**Work instructions**: The full listing, word for word and free of images, is the expected result.

**Given material**:
++++++++++++++++++++
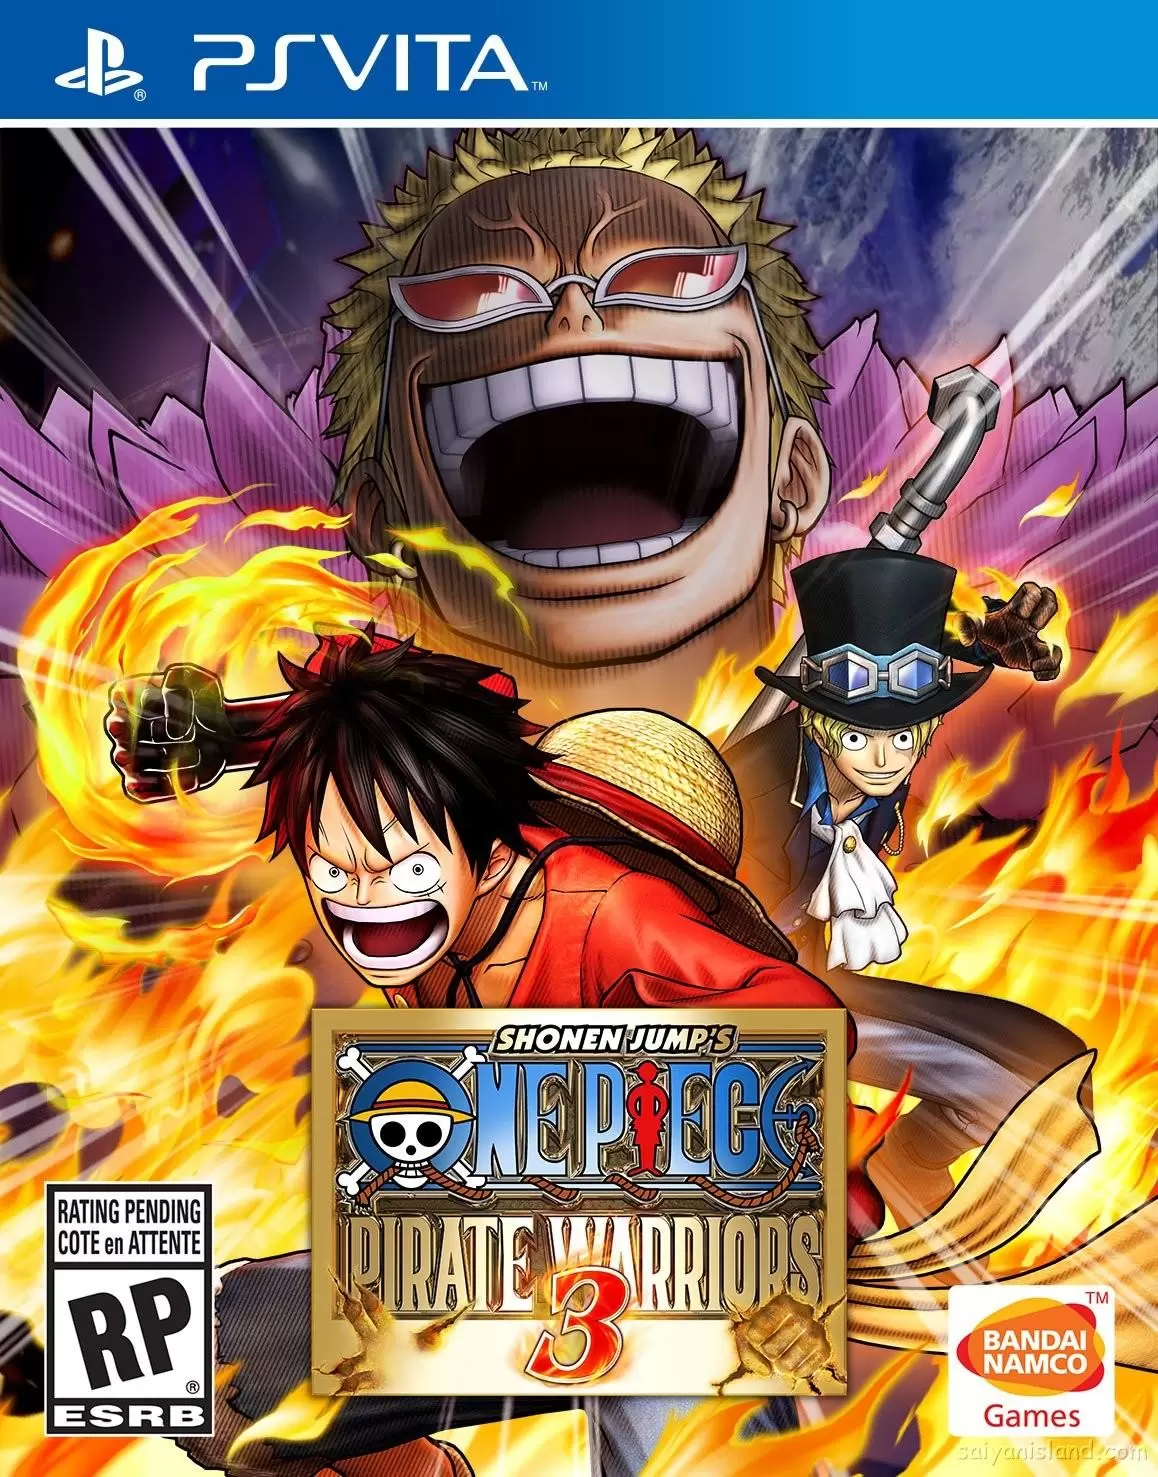 PS Vita Games - One Piece: Pirate Warriors 3
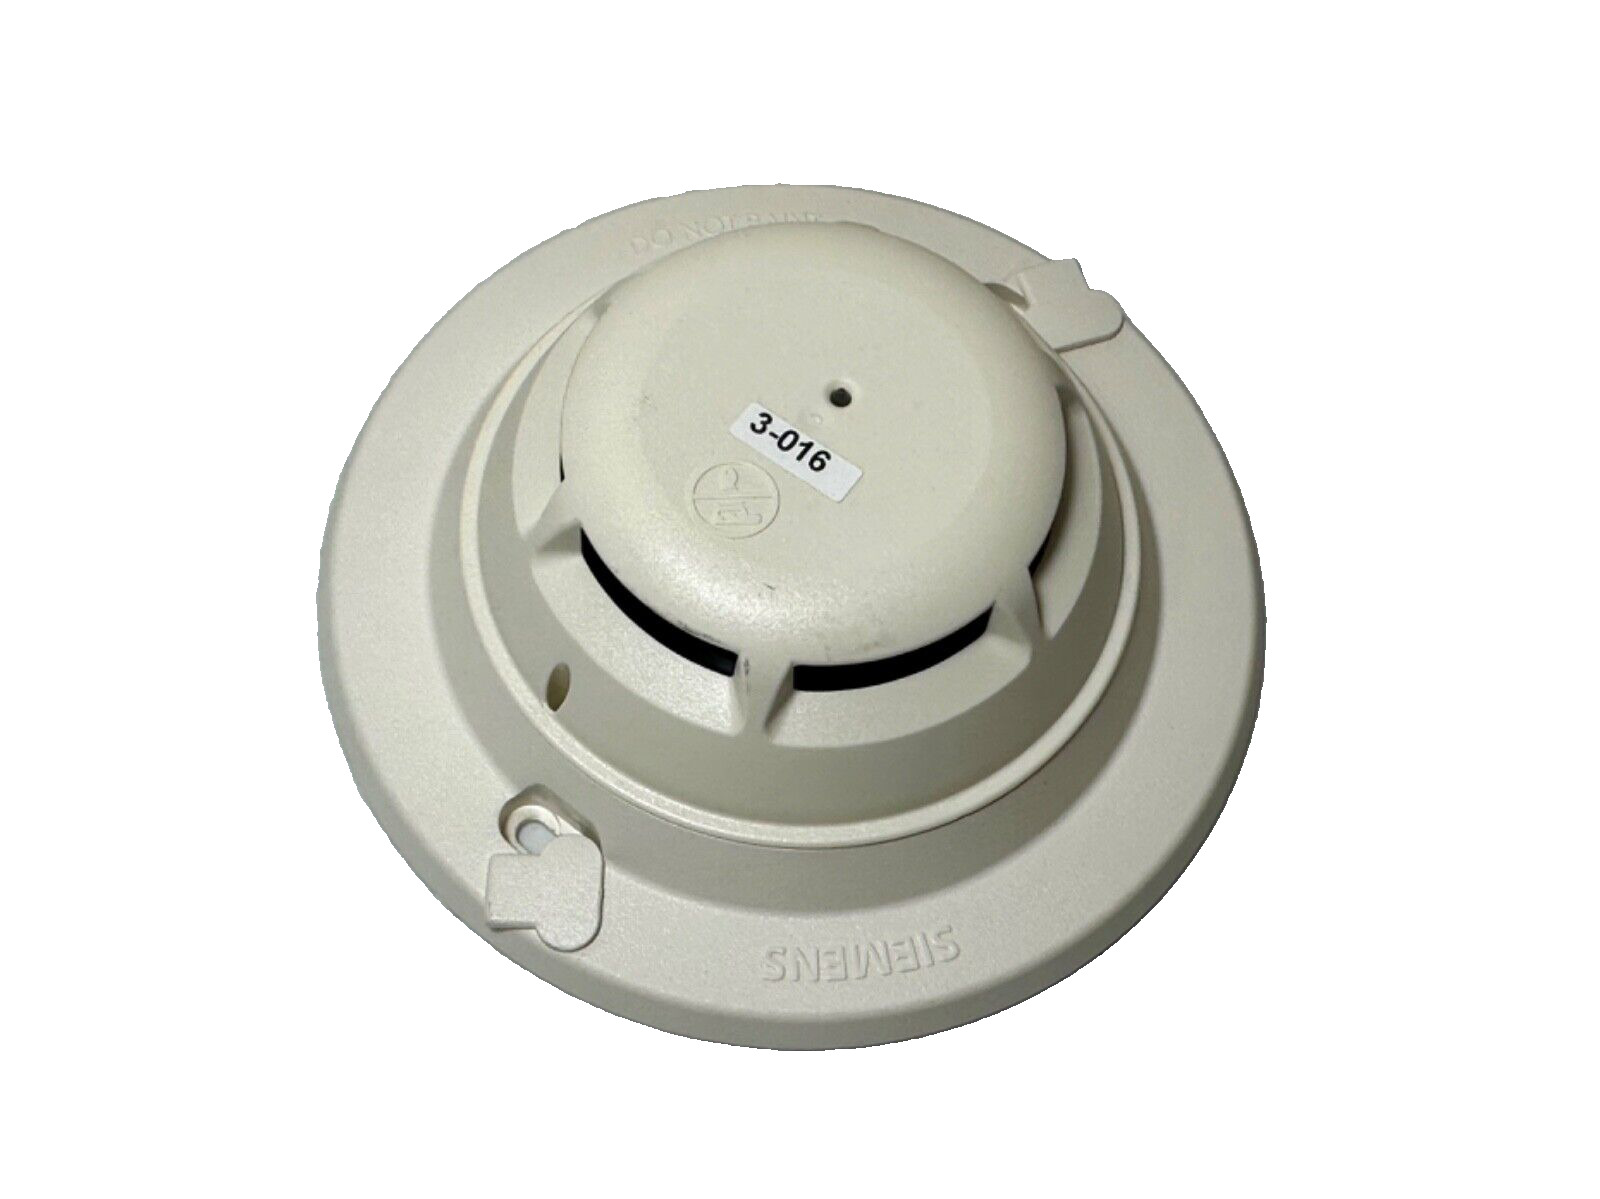 Siemens OP921 + DB-11 Fire Alarm Smoke Detector – DPU Tested - Free Programming
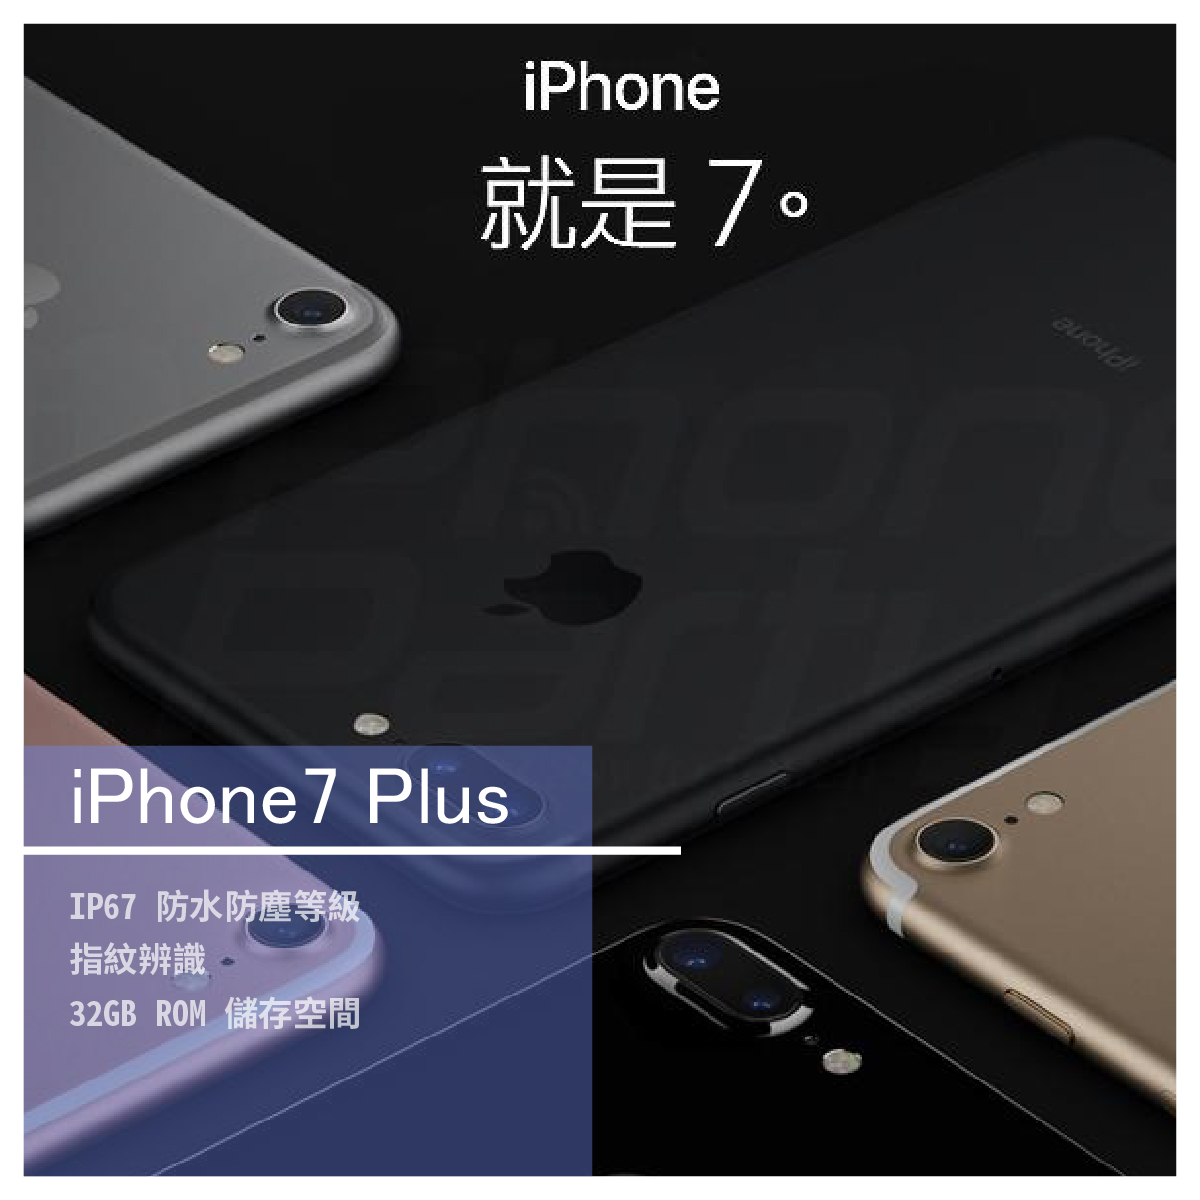 ​​​​​​​ iPhone7 Plus / 粉色 商品介紹 iPhone 首款具備 IP67 防水手機 Apple iPhone 7 Plus 32GB 配備立體聲喇叭 外型採用鋁合金搭配全玻璃設計
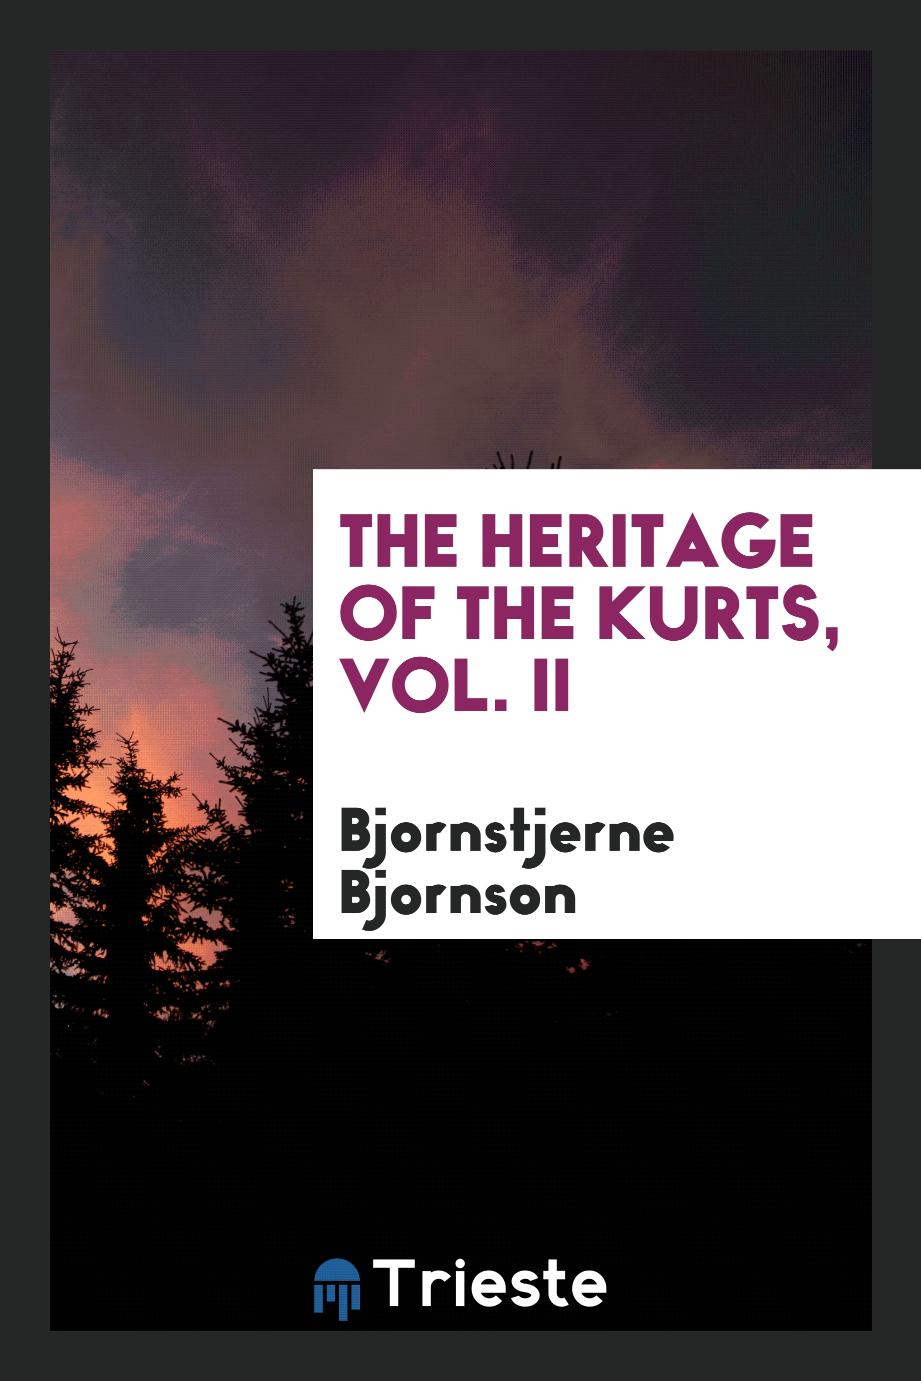 The heritage of the kurts, Vol. II
++++++++++++++++++++
**Problem solution**:
 PS Vita Games - One Piece: Pirate Warriors 3
 Siemens OP921 + DB-11 Fire Alarm Smoke Detector – DPU Tested - Free Programming
 ​​​​​​​ iPhone7 Plus / 粉色 商品介紹 iPhone 首款具備 IP67 防水手機 Apple iPhone 7 Plus 32GB 配備立體聲喇叭 外型採用鋁合金搭配全玻璃設計
 The heritage of the kurts, Vol. II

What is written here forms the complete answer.